International Federation for Research in Women’s History 2024 Conference

Margaret Allen, Ana Stevenson and Michelle Staff share their experiences of attending the 2024 International Federation for Research in Women’s History Conference.

5000 ¥, Bank of Japan note. Portrait of Tsuda Umeko and watermark of Japanese wisteria flowers. First issued in 2024. Image via Wikimedia Commons.

It was great to attend the International Federation for Research in Women’s History (IFRWH) 2024 Conference, ‘Reflections on Major Issues on Women’s History’, at Tsuda University (津田塾大学, Tsudajuku daigaku) in Tokyo.

As the first time the conference has been held in Japan, it was most fitting that the venue was the women’s university founded by the pioneering Japanese educator Umeko Tsuda (1864-1929), the first Japanese woman to appear on a banknote.

An Australian Women’s History Network (AWHN) contingent was in attendance. In this blog, we share some hightlights and ‘major issues’ explored at the conference.

Keynote ‘major issues’

The keynote panel, delivered in Japanese and English, addressed ‘major issues’ in women’s history from the perspective of Japanese historiography. Professor Yuriko Yokoyama (National Museum of Japanese History) opened the conference with a talk on ‘Gendered Japanese History’.

Tsuda University (津田塾大学, Tsudajuku daigaku), Toyoko, Japan. Image via Wikimedia Commons.
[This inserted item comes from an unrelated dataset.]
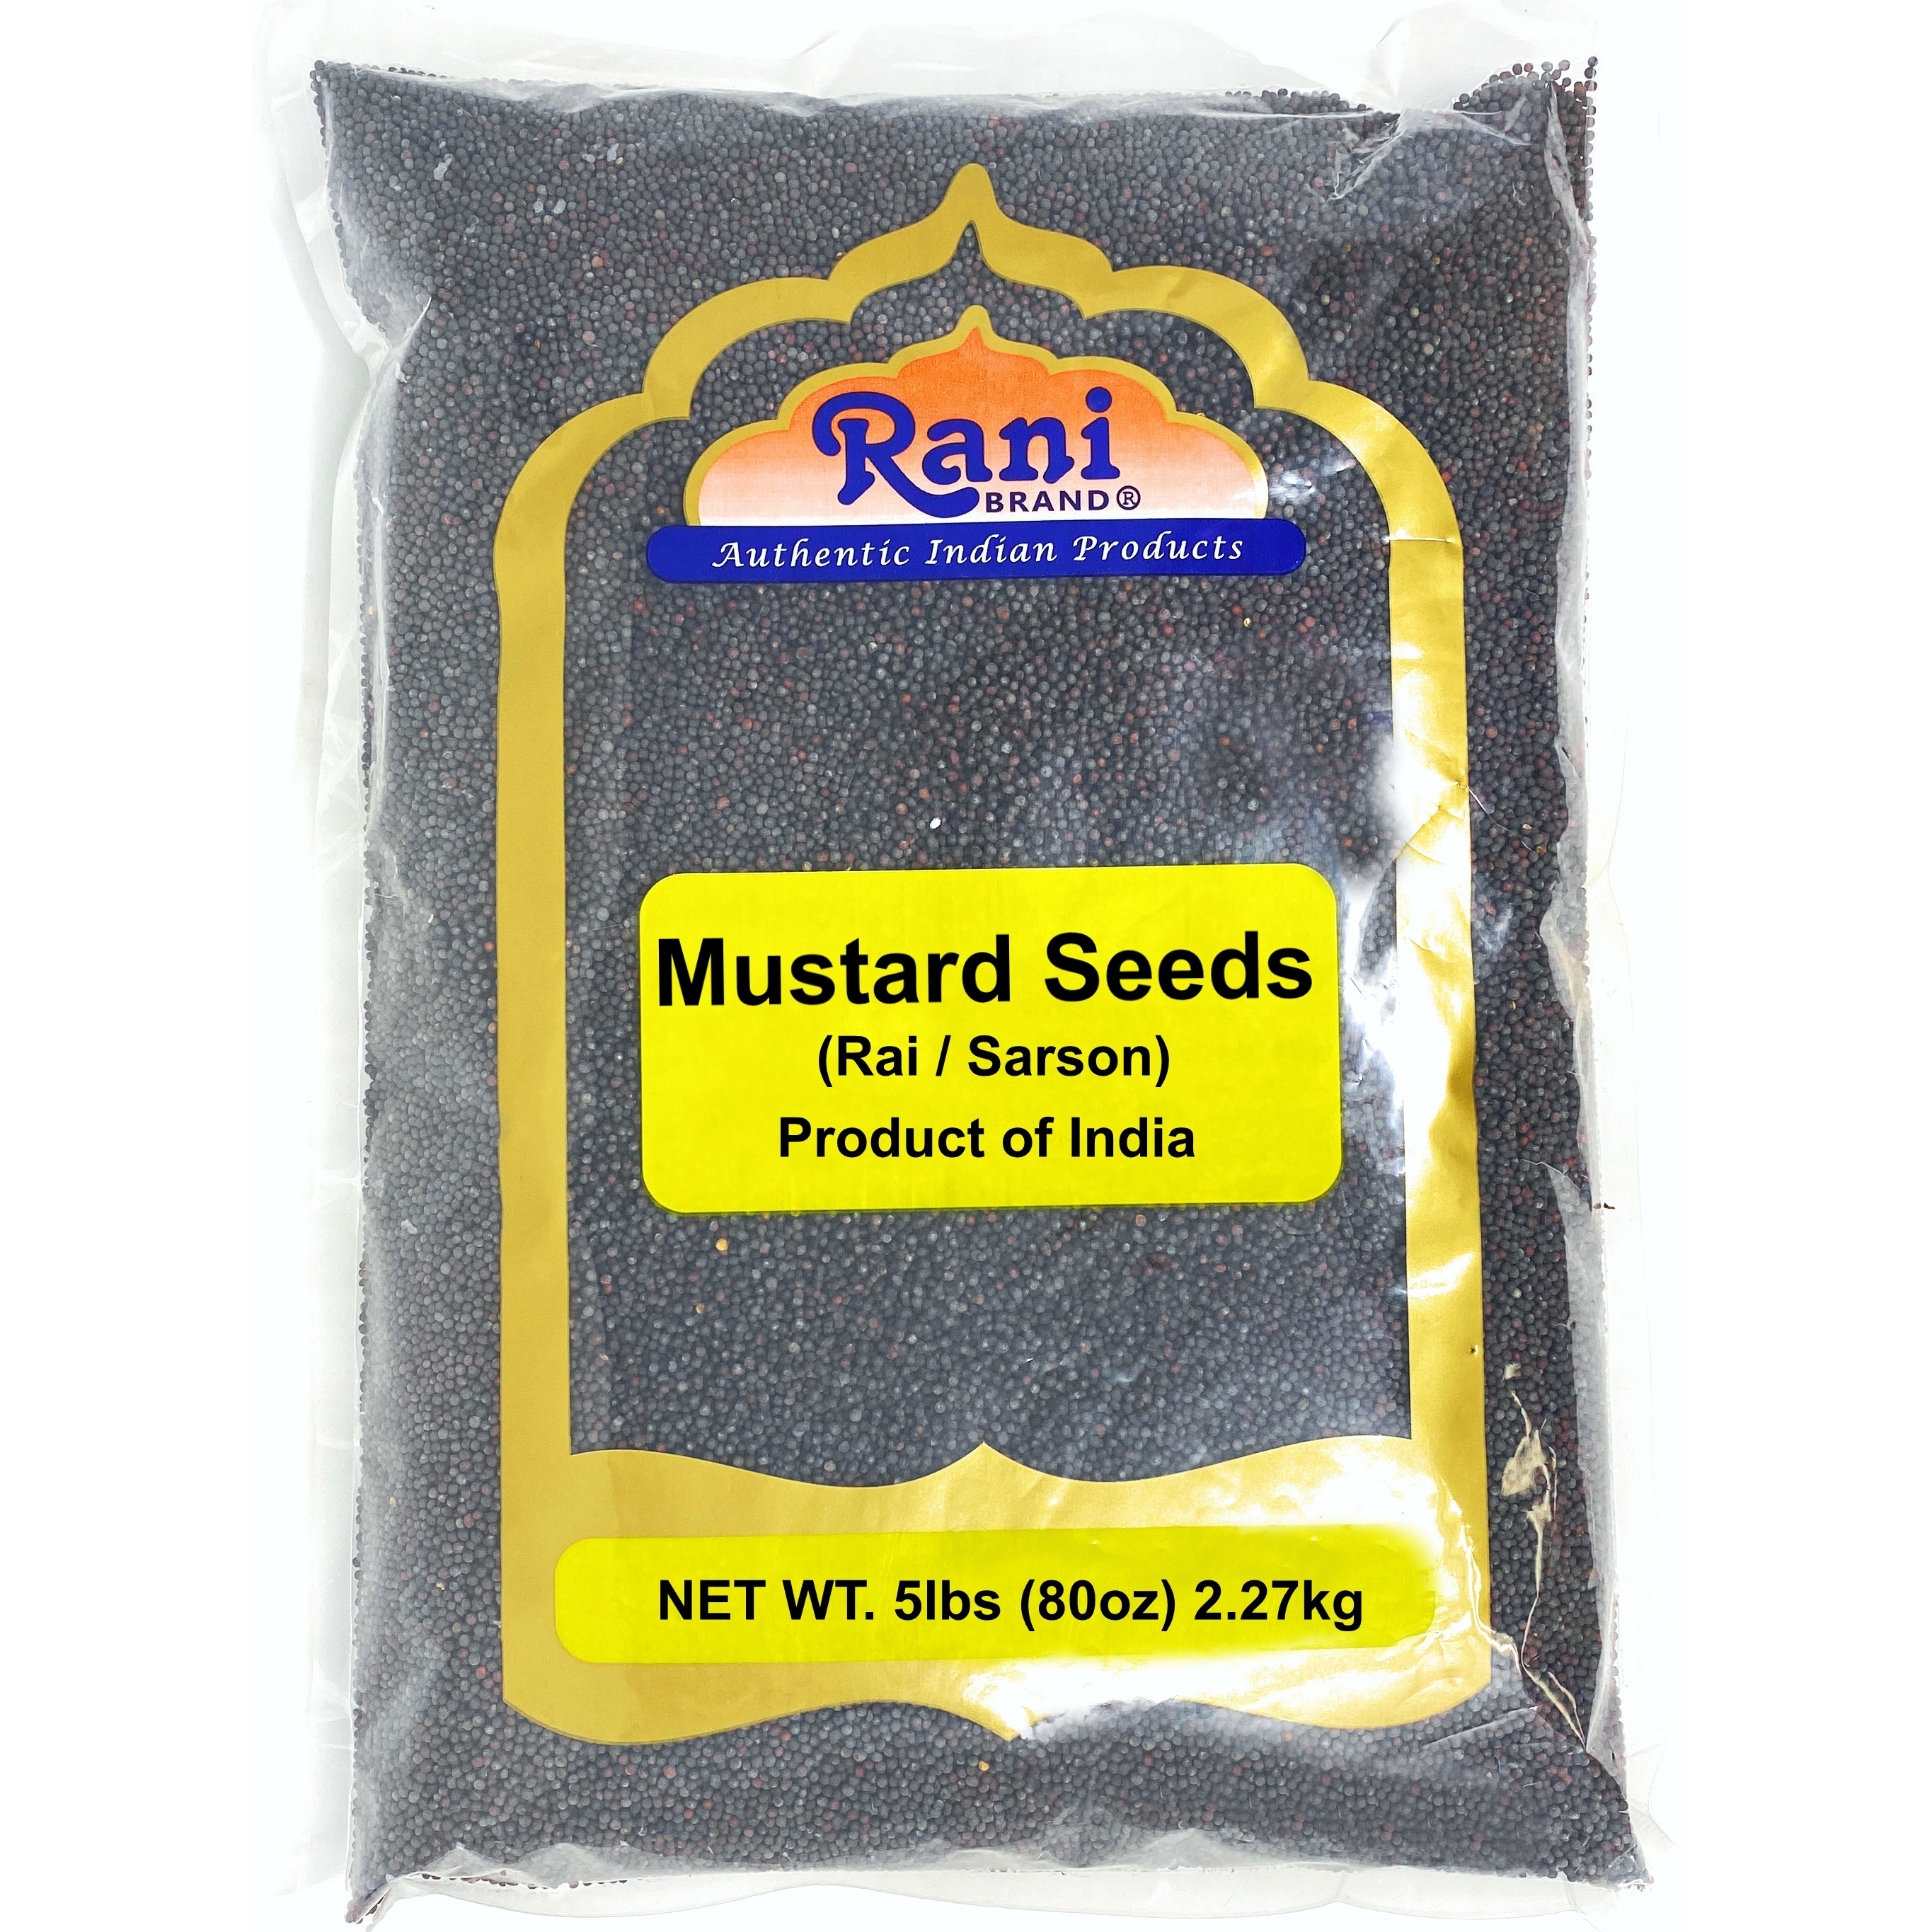 Rani Black Mustard Seeds Whole Spice (Rai Sarson) 5 Pound Bulk, 80oz (5lbs), All Natural ~ Gluten Friendly Ingredients | NON-GMO | Vegan | Indian Origin

Held in 2020, this exhibition at the National Museum of Japanese History explored how gendered categories emerged to inform law and taxation in the eight century, then in connection to the early modern sex trade. The strong community response this exhibition generated demonstrates the importance of making feminist, gender, and women’s history tangible and accessible to the public.
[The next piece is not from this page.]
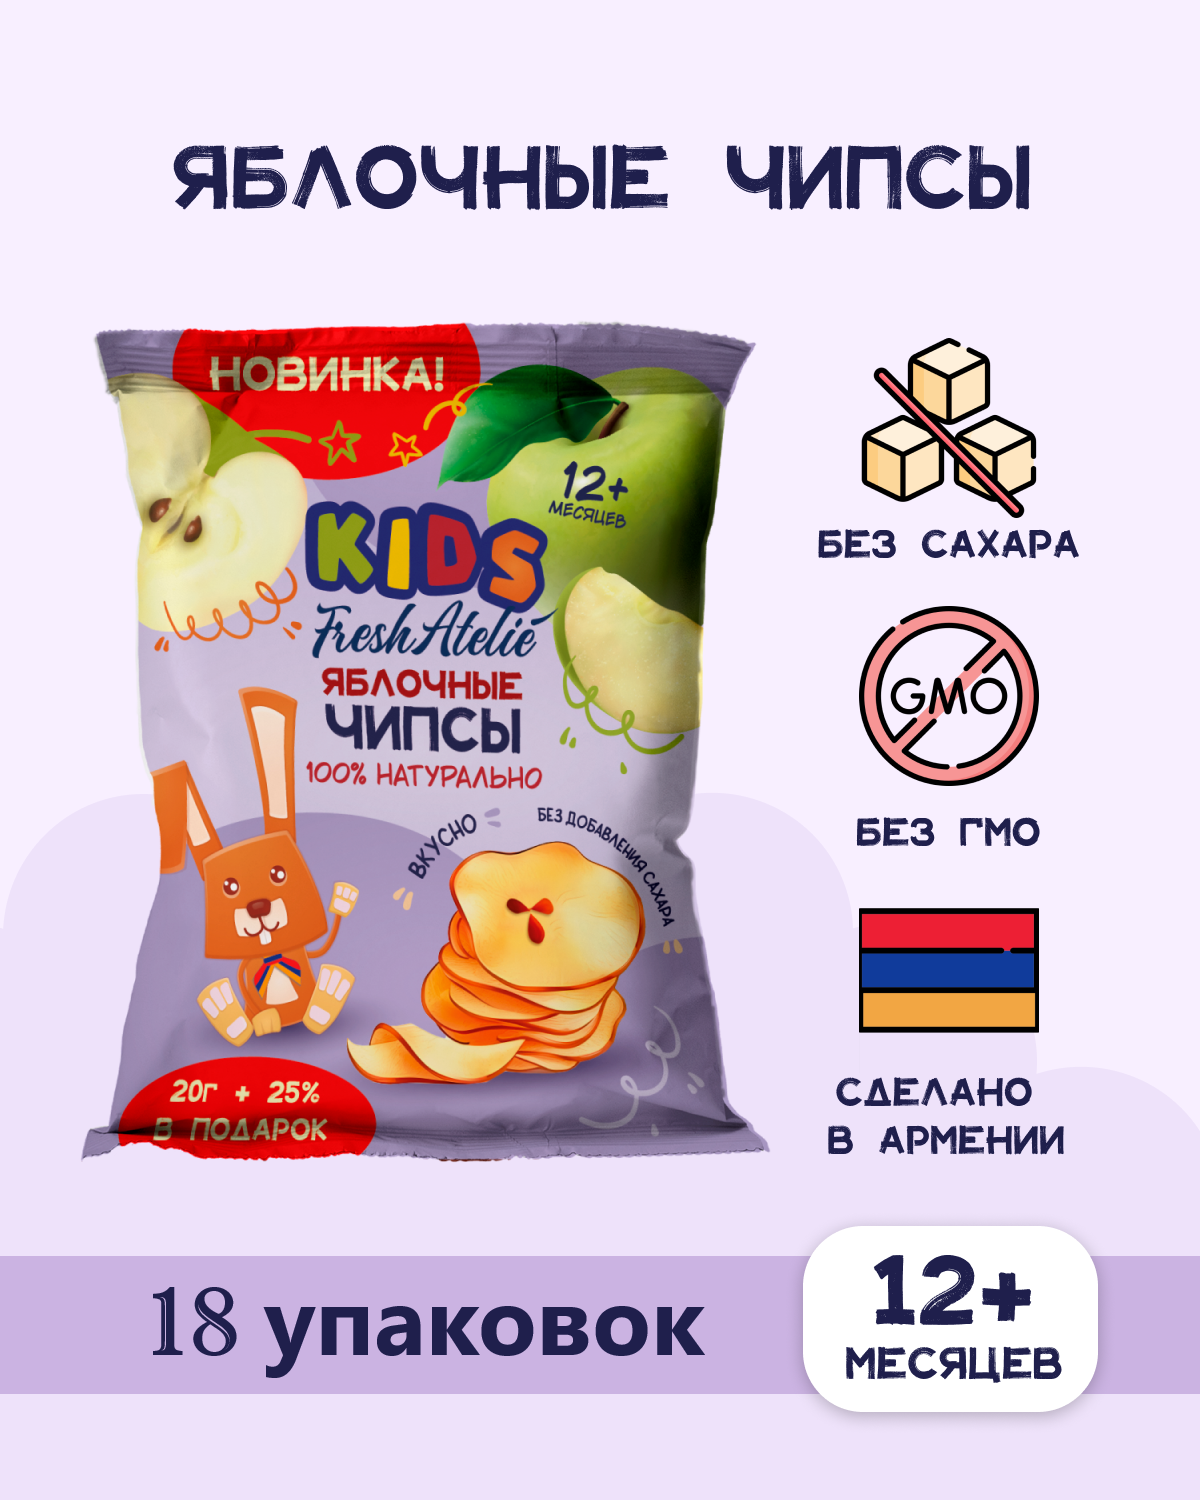 Чипсы яблочные FRESH ATELIE KIDS для детей раннего возраста 20гр + 25%, 18 упаковок чипсы биг бон 75 г краб

Professor Emerita Linda Grove’s (Sophia University) presentation reflected on the long historical and cultural ties that inform Japanese research on Chinese women’s history, from the Chinese women who studied in Japan during the early twentieth century to the dynamic growth of East Asian women’s history networks decades later.

Professor Kumie Inose (Konan University) argued that Japanese research on European gender history challenges male, Eurocentric narratives. This is particularly prevalent alongside new interdisciplinary trends in agnotology, memory studies, and the social sciences. Inose also emphasized the importance of translation, especially major works on intersectionality, human rights, and settler colonialism.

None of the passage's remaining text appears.